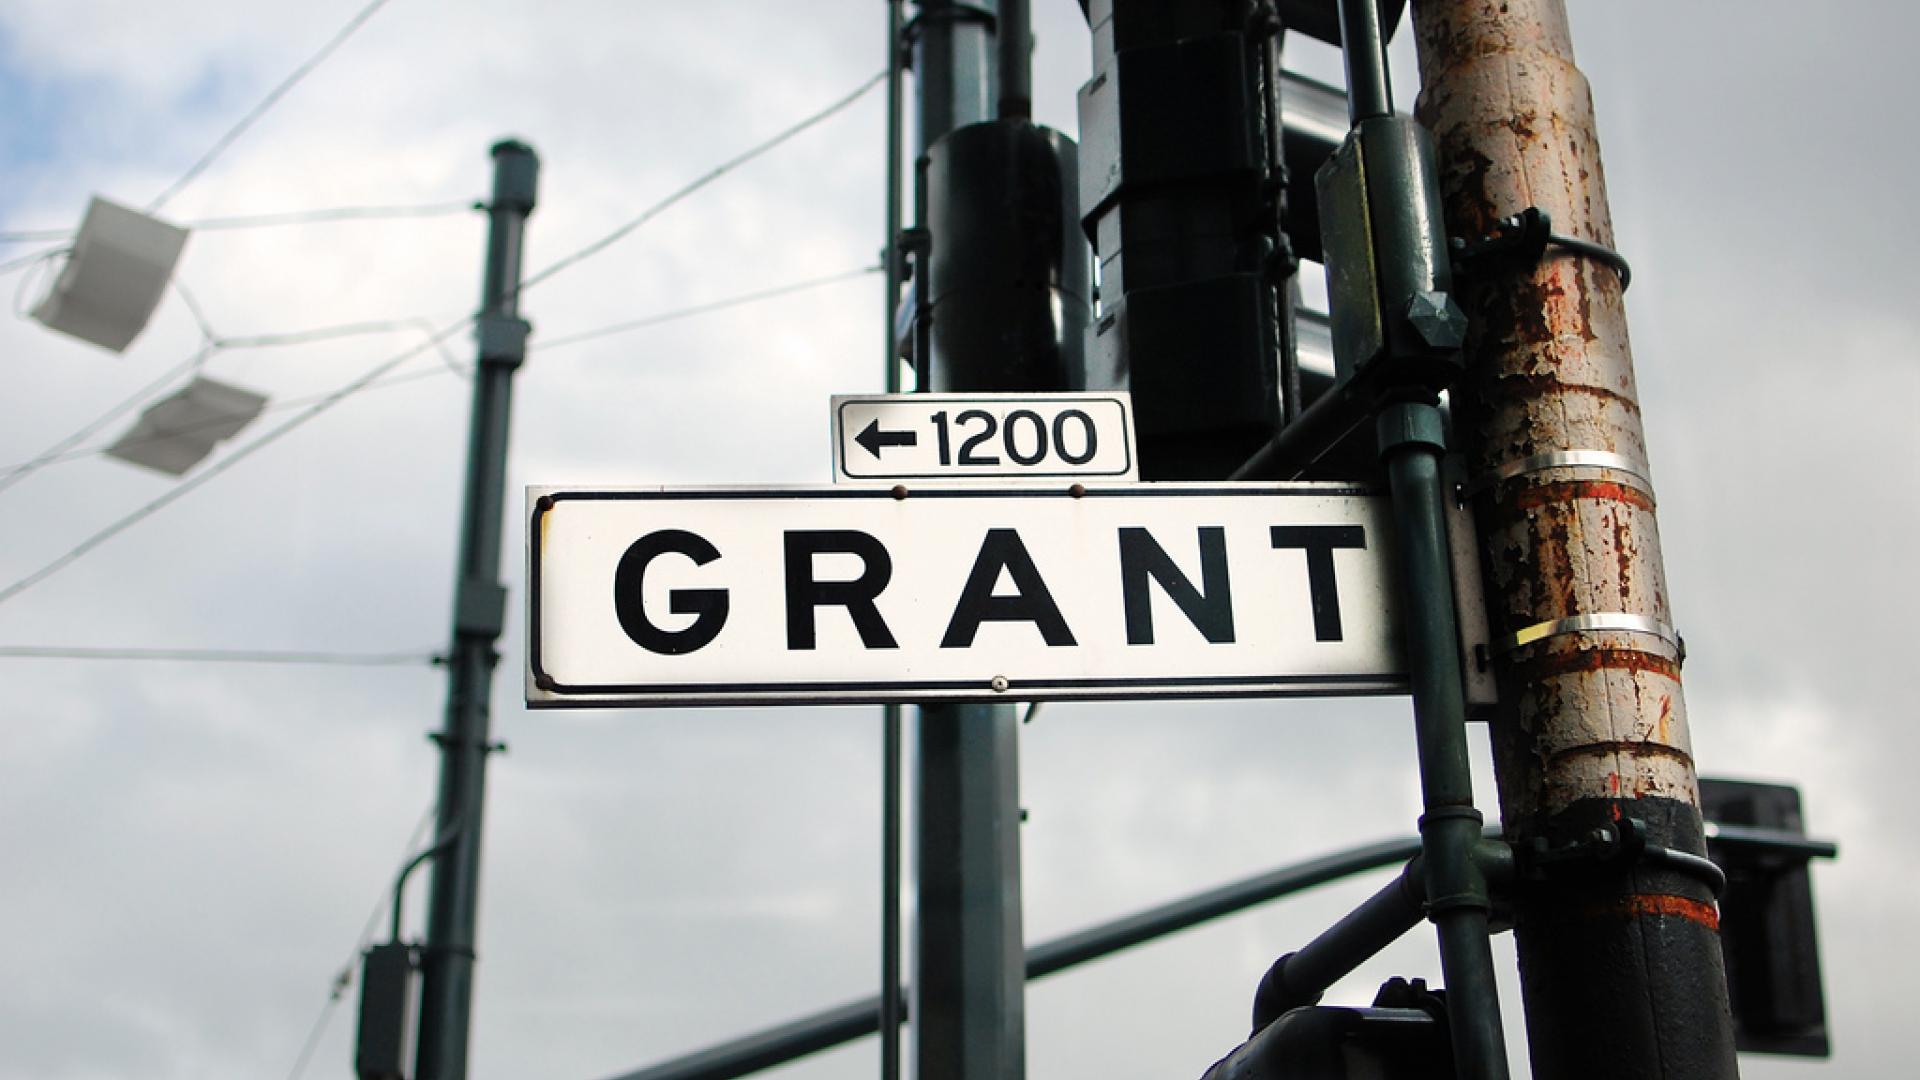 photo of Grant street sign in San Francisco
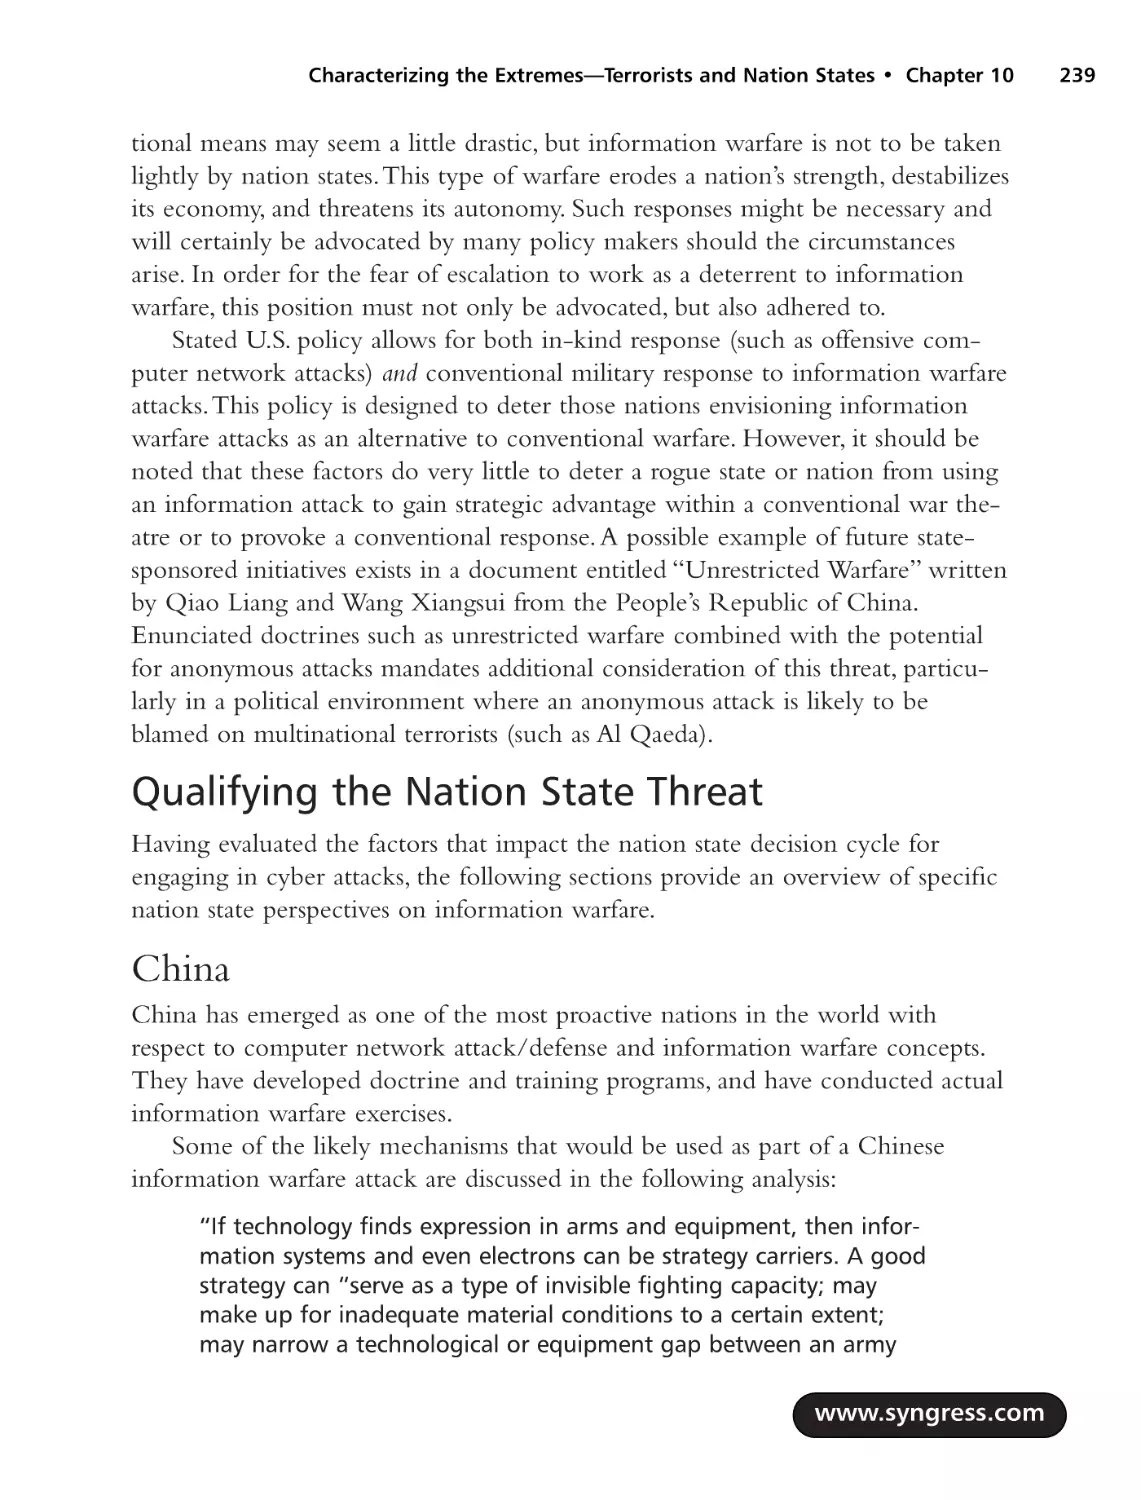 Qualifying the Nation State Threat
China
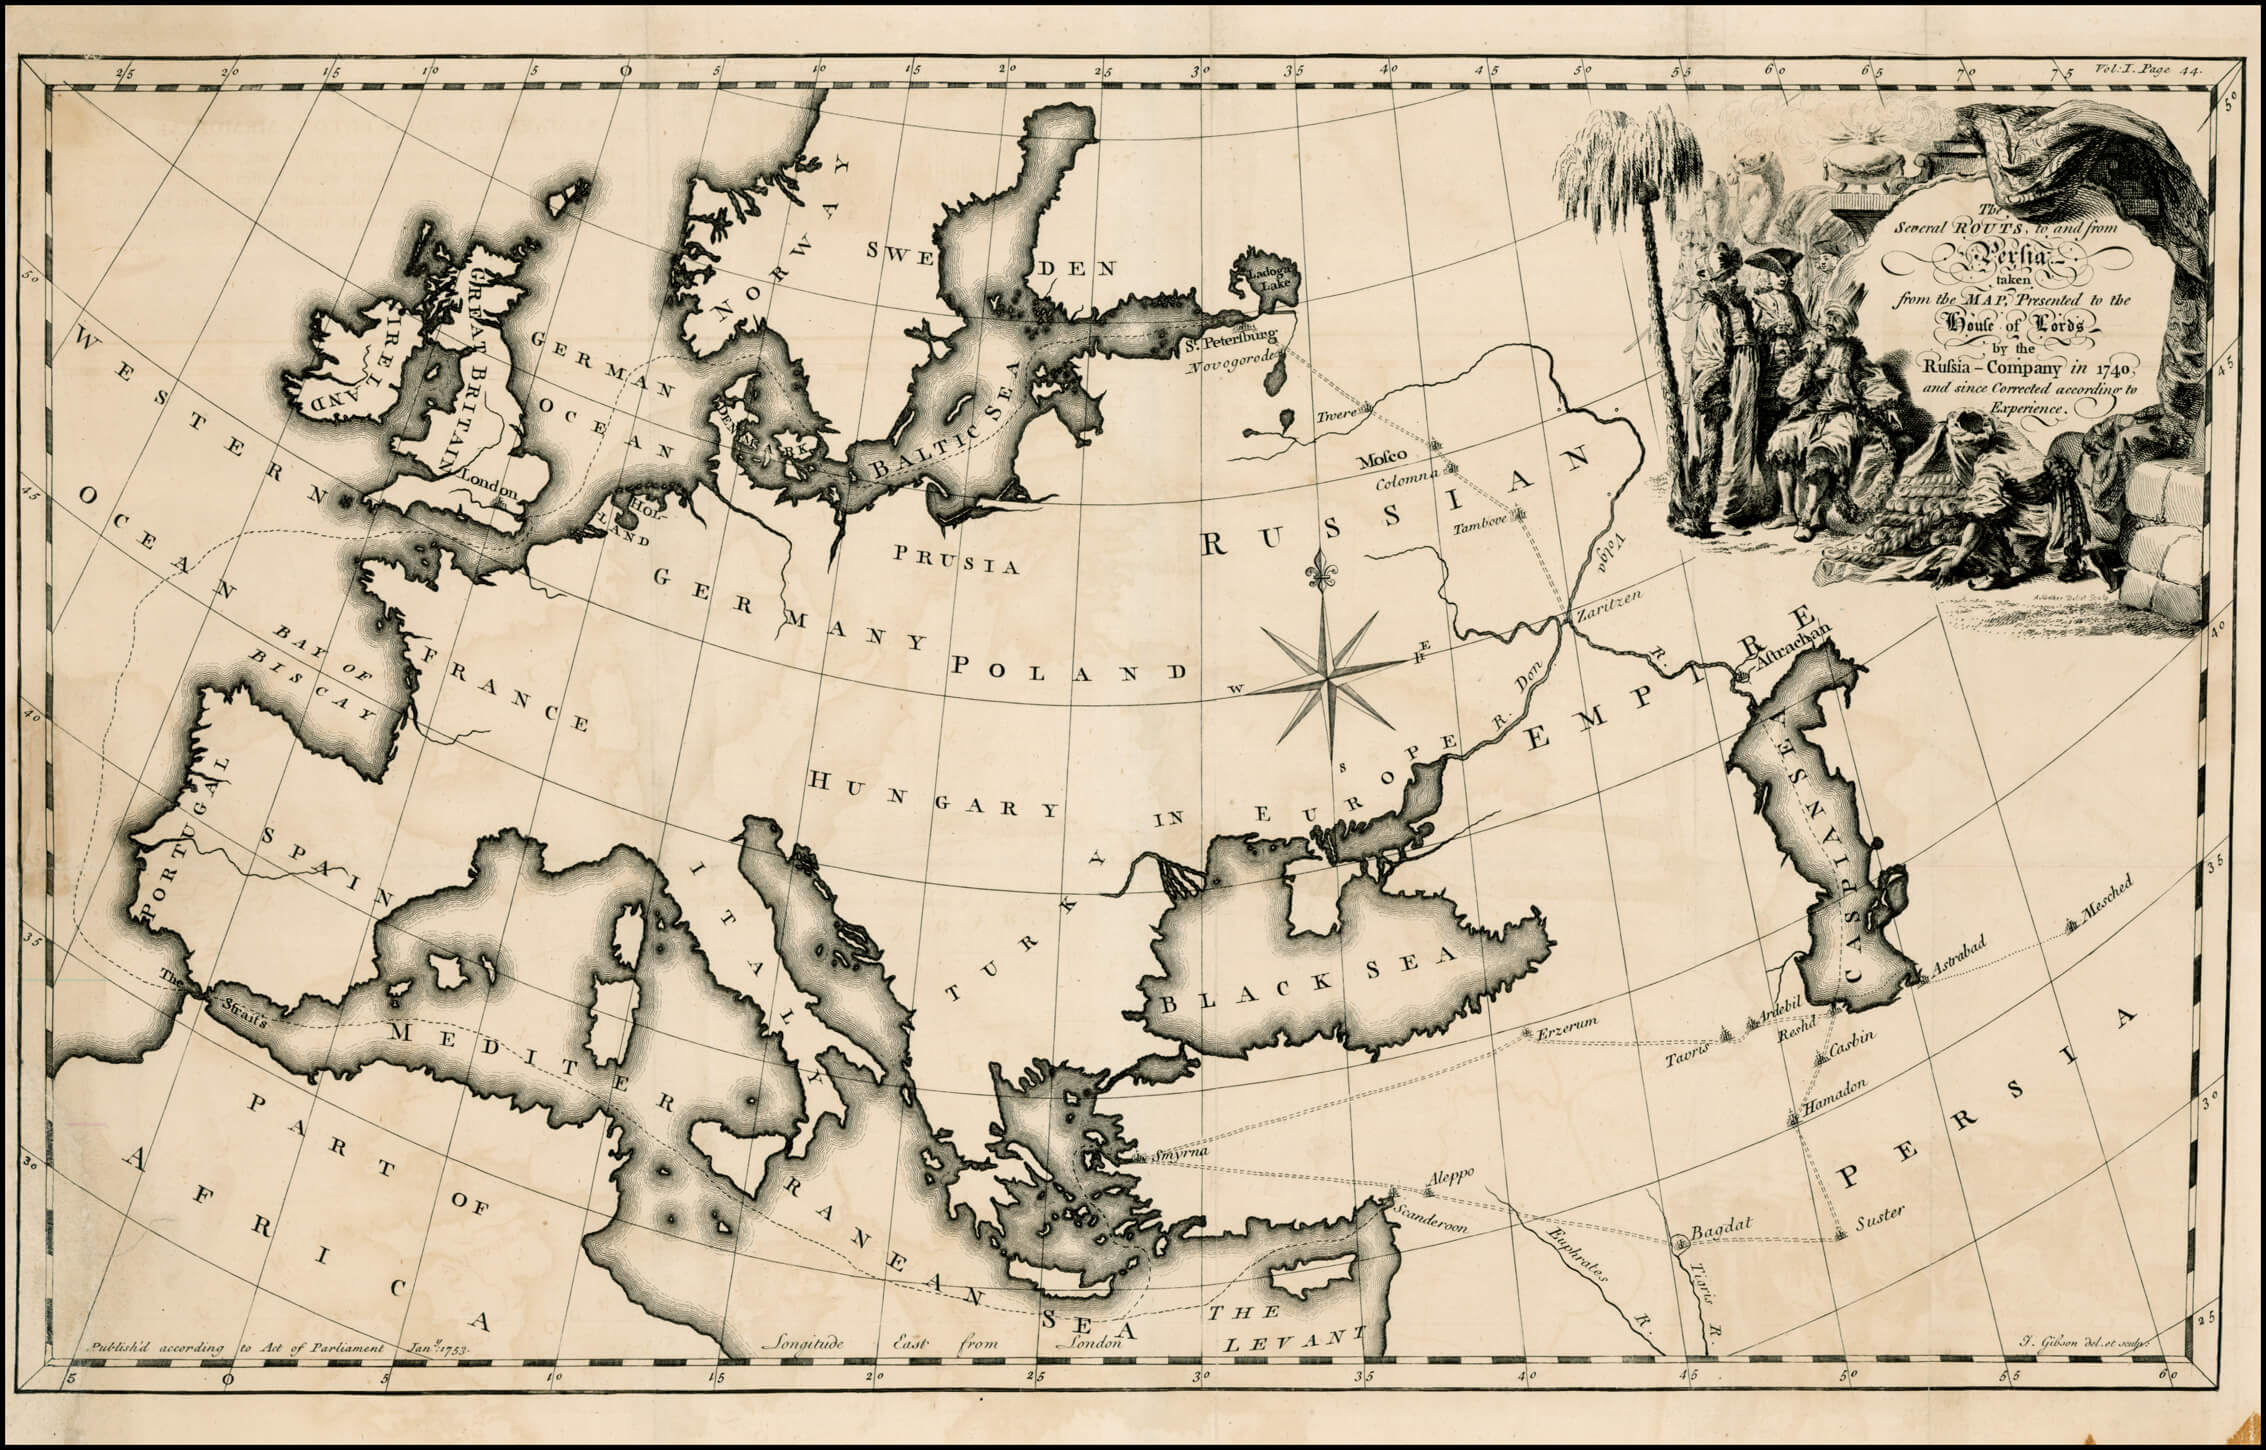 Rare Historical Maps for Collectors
▬▬▬
Once the images are removed, print the remaining data exactly as it appears above.

 photo of Grant street sign in San Francisco
 Qualifying the Nation State Threat
China
 Rare Historical Maps for Collectors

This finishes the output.